Или, например, та, что называет себя психотерапевтом и оставляет Эвона Цвогга, прежде чем подняться на верхний этаж, где она занимается Образовательным центром, копаться в течение часов в стопке черно-белых фотографий, которые она выкладывает на гладкий стол, всегда одних и тех же фотографий, одних и тех же снимков, не таящих в себе ничего нового.

— Я сейчас приду, Цвогг, никуда не уходи, — говорит она.

На потолке слышатся ее неровные шаги, кто-то передвигает цементные плиты, ящики. Затем воцаряется тишина.

Город неподвижен за окнами, зияющими пустыми глазницами. Когда дует ветер, красноватая пыль образует на земле подвижные и красноватые прожилки, считается, что это напоминает планету Марс. Небо порой столь ослепительно, что теряет всякий цвет.
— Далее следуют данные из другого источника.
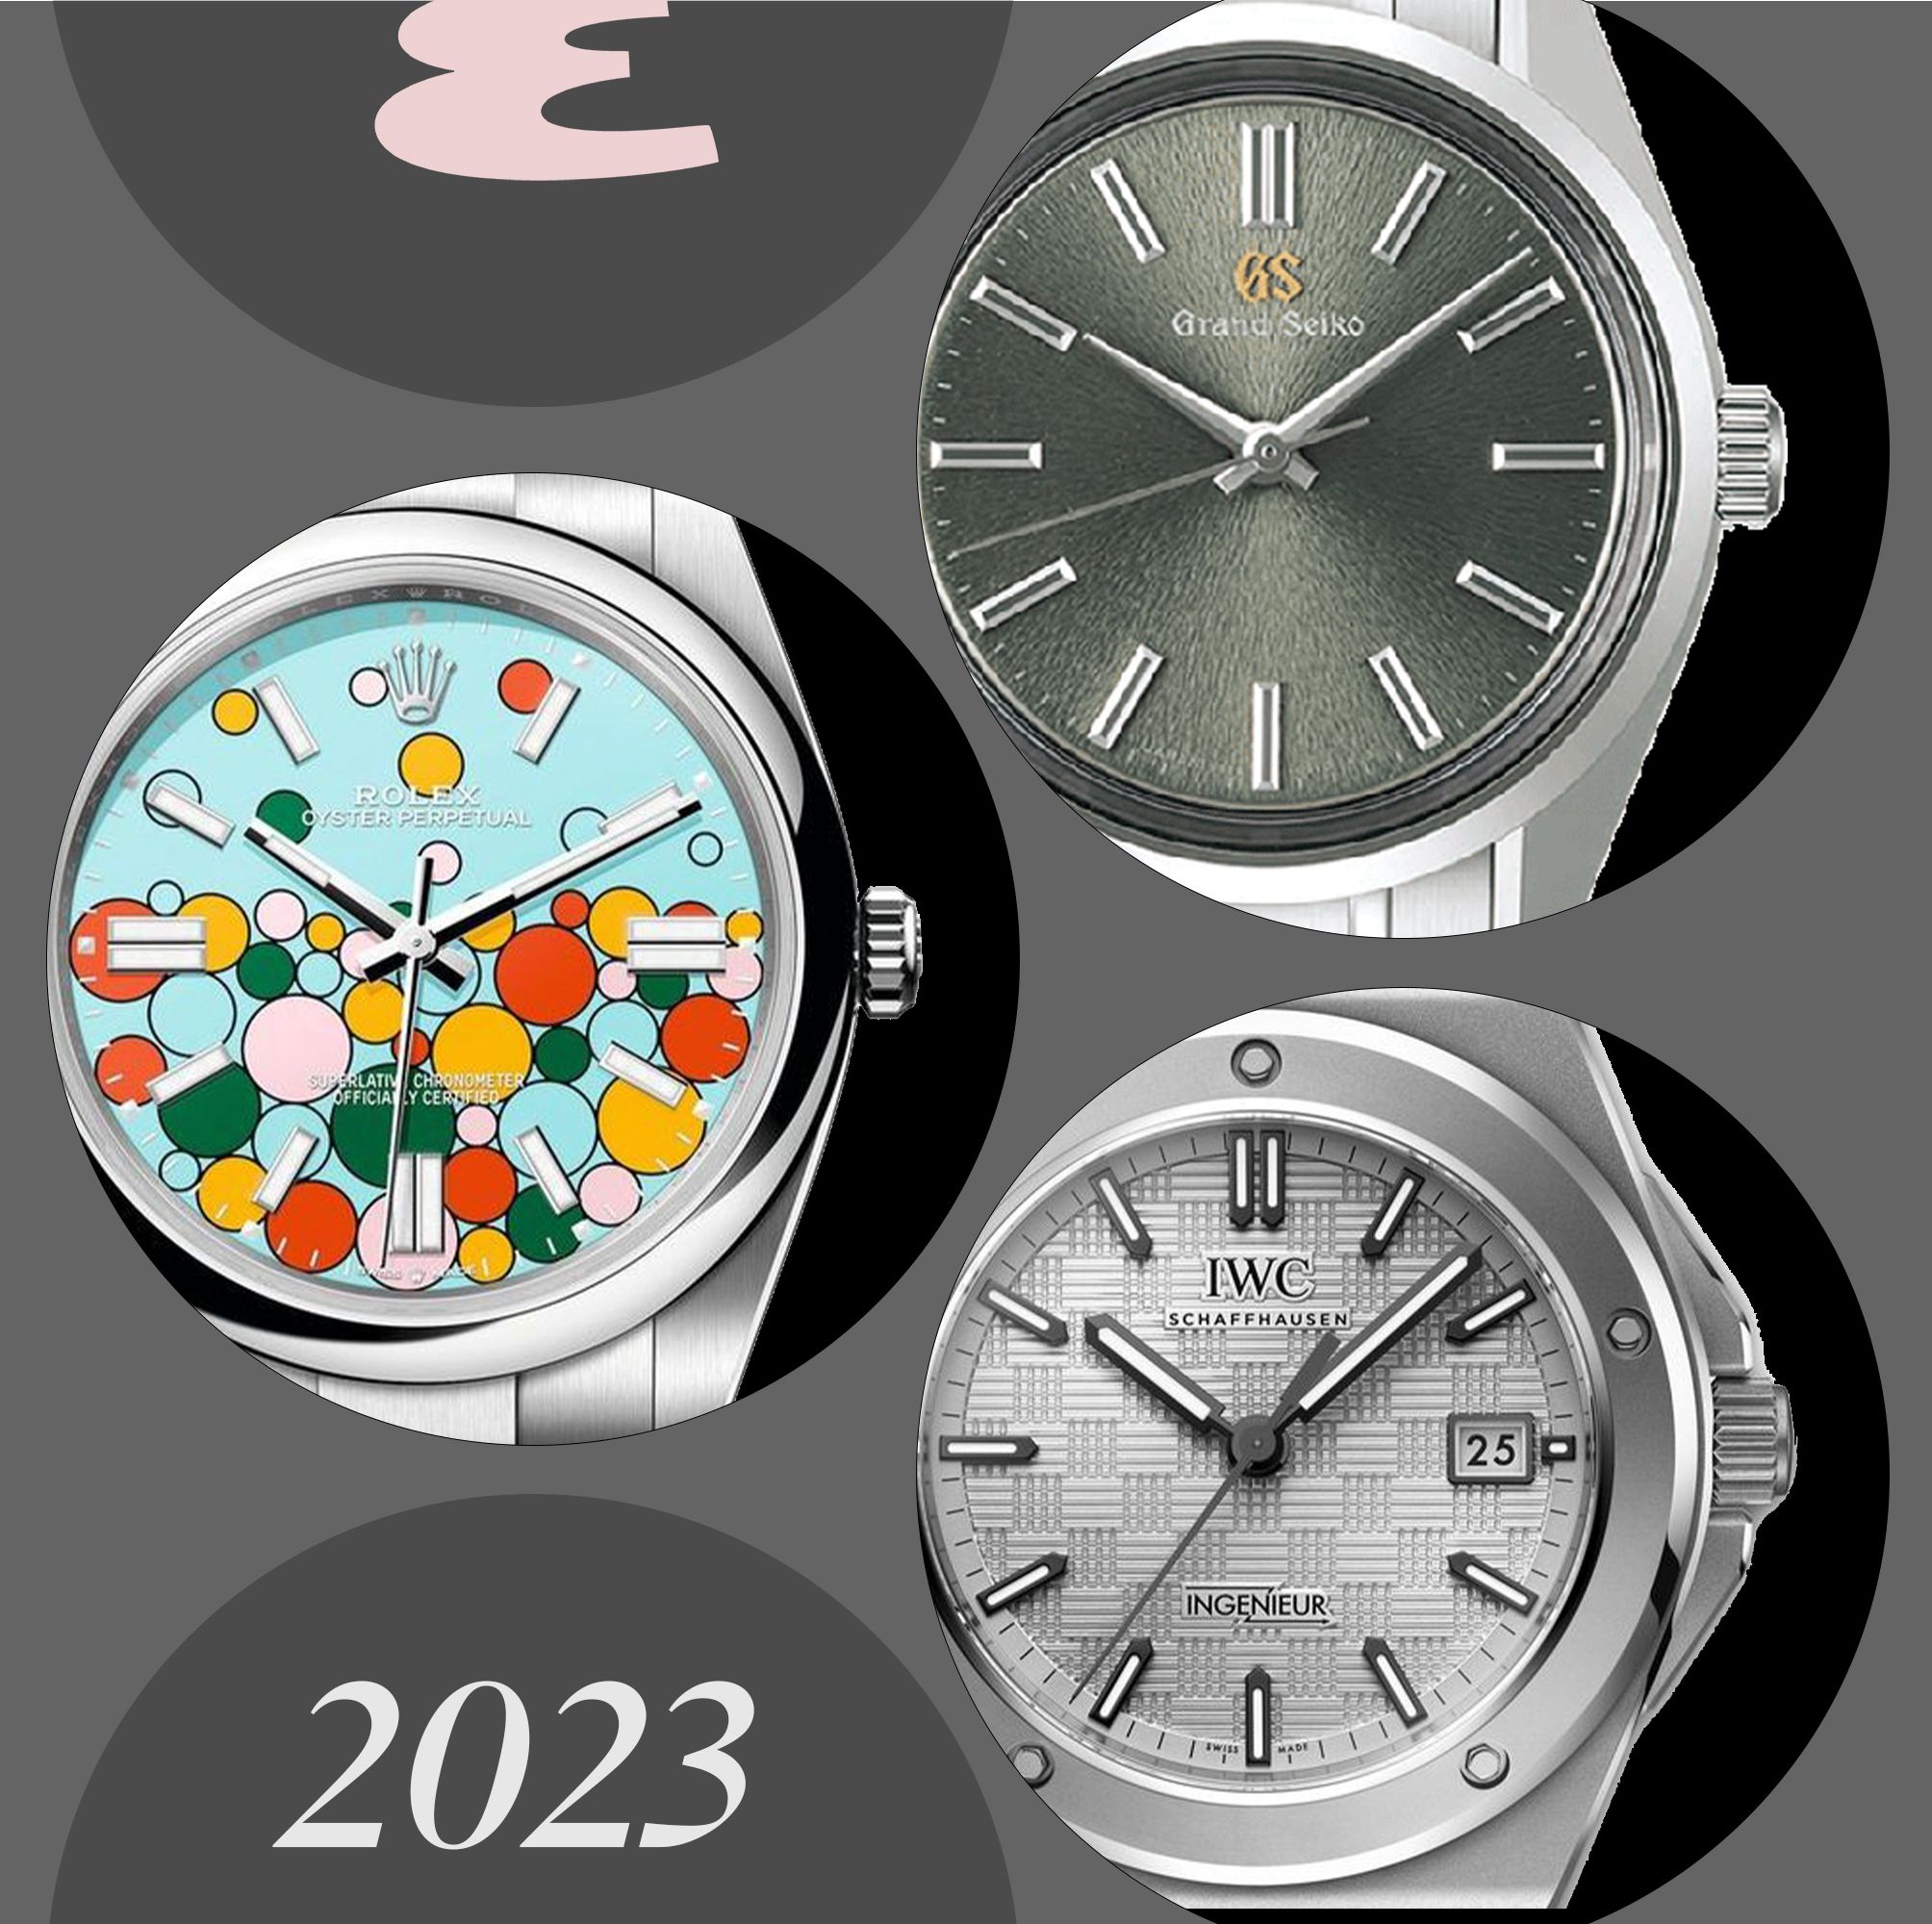 The 15 Best Watches of 2023

Ласточки тучами описывают головокружительные круги промеж зданий Канала. Они переругиваются в пронзительном крике в течение трех четвертей часа, затем внезапно улетают. Тишина снова воцаряется в комнате. Эвон Цвогг дотрагивается до фотографий, которые знает уже наизусть, тем более что речь идет о восьми отпечатках с одного и того же негатива, отличающихся друг от друга лишь контрастностью. Иногда та, что утверждает, что умеет лечить сумасшедших, спускается с верхнего этажа, открывает дверь и спрашивает у Цвогга, может ли он что-нибудь сказать по поводу фотографий. Цвогг пожимает плечами. Женщина выжидает минуту, затем она закрывает дверь и поднимается снова на верхний этаж. Она красива той сдержанно-небесной красотой, которой обладает большинство китаянок. На ней свободная одежда, вылинявшие джинсы в сочетании с джинсовой курткой и черным топиком. Перед тем как закрыть дверь, она обещает скоро вернуться.
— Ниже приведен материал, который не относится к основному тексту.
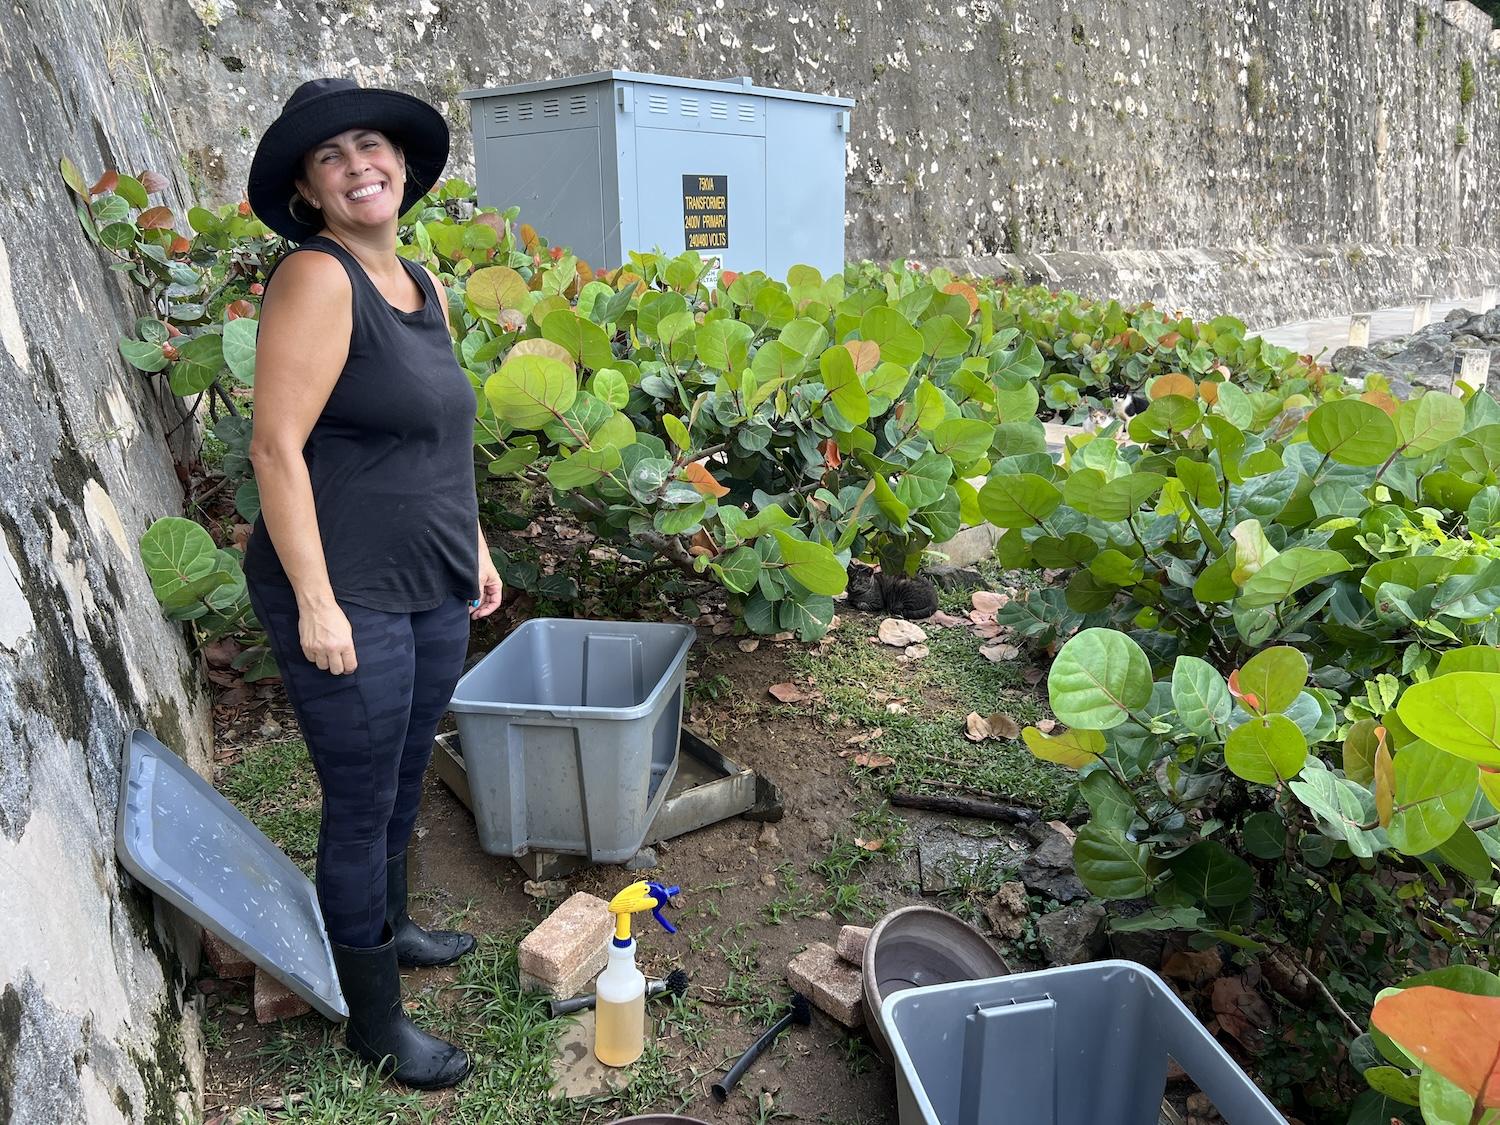 Karla Colom volunteers three times a week with Save A Gato, feeding and caring for the cats that live along a paved pathway on National Park Service land in San Juan.

Когда ласточки оставляют их в покое, а также в те дни, когда ветер не сильный, стрекозы влетают в окна. Сильное небесное свечение оказывается той причиной, по которой не всегда удается восхититься их грацией. Часто они, скажем, синего цвета, синего, тяготеющего к сине-бирюзовому. Некоторые из них зависают над фотографиями перед Эвоном Цвоггом, трепеща крылышками. Случается, что от нечего делать Эвон Цвогг ловит одну из них и съедает.

Немного позже, в этот же день, я проникаю в почти пустую комнату, где Эвон Цвогг грезит во сне, и когда я говорю я, то имею в виду прежде всего Язара Дондога, в чем открыто сразу же и признаюсь. Я сажусь рядом с ним в кирпичную пыль, в ржавчину, в марсианскую пыль, посреди останков стрекоз. Мы знакомимся. Спустя мгновение я рассказываю ему о Магги Квонг.
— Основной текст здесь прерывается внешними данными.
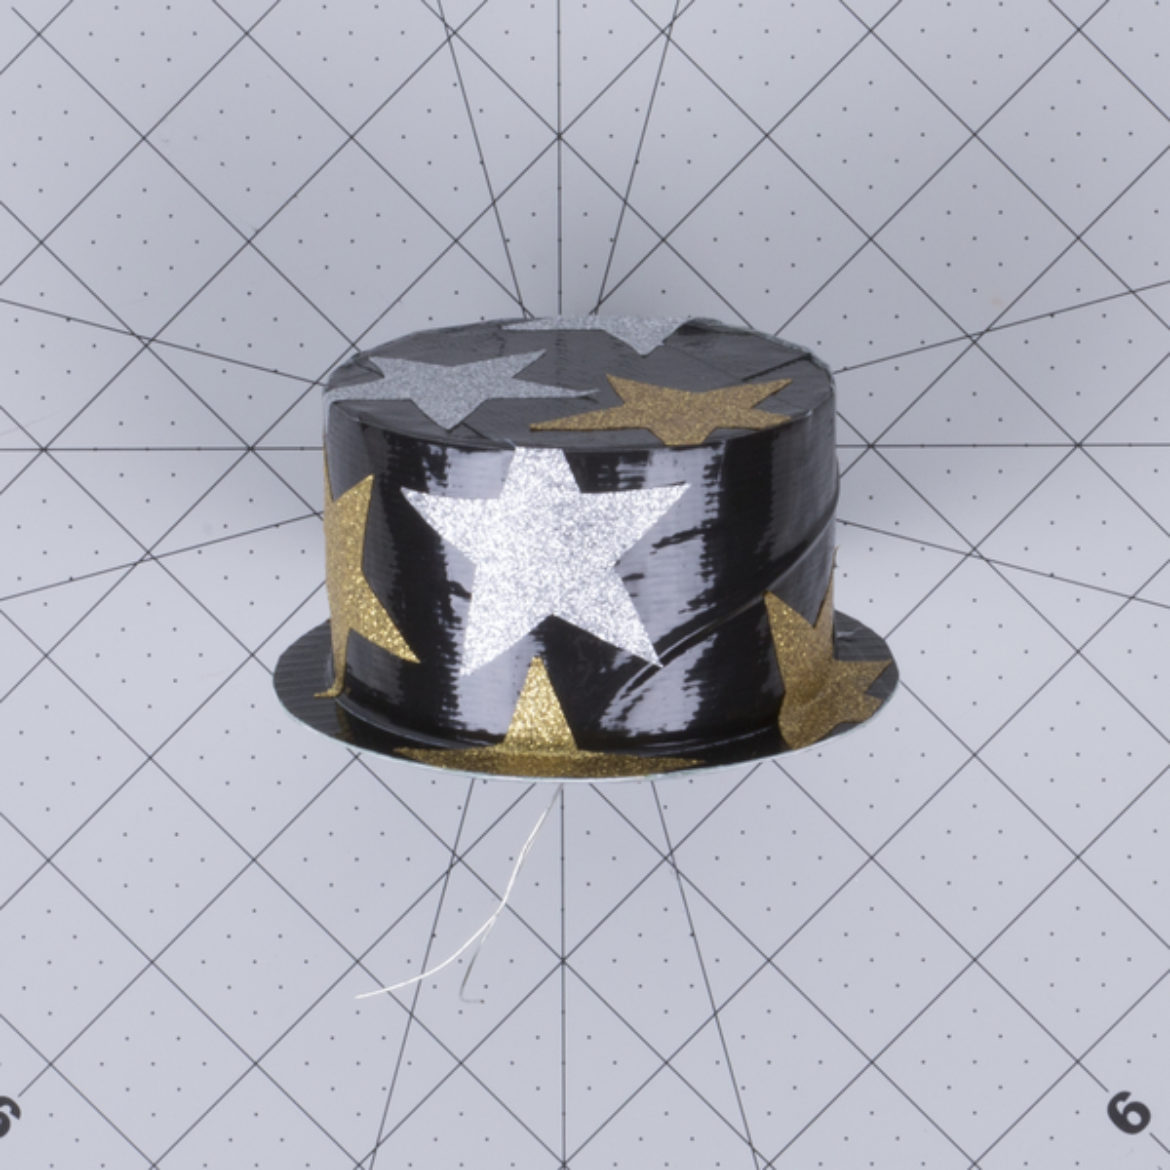 stars from previous step attached to the hat

— Психотерапевтша? Ты живешь с психотерапевтшей? — изумляется Эвон Цвогг.

— Нет, — говорю я. — Не с ней. Ее зовут Сара Квонг. А я живу с ее сестрой Магги. Мы продаем овощи на рынке.

Успокоившись, Эвон Цвогг перемешивает фотографии, лежащие перед ним в ожидании, он выбирает одну из них и приставляет к ней свой потный палец.

— Ты видишь, это то, что было когда-то. Это мой дед.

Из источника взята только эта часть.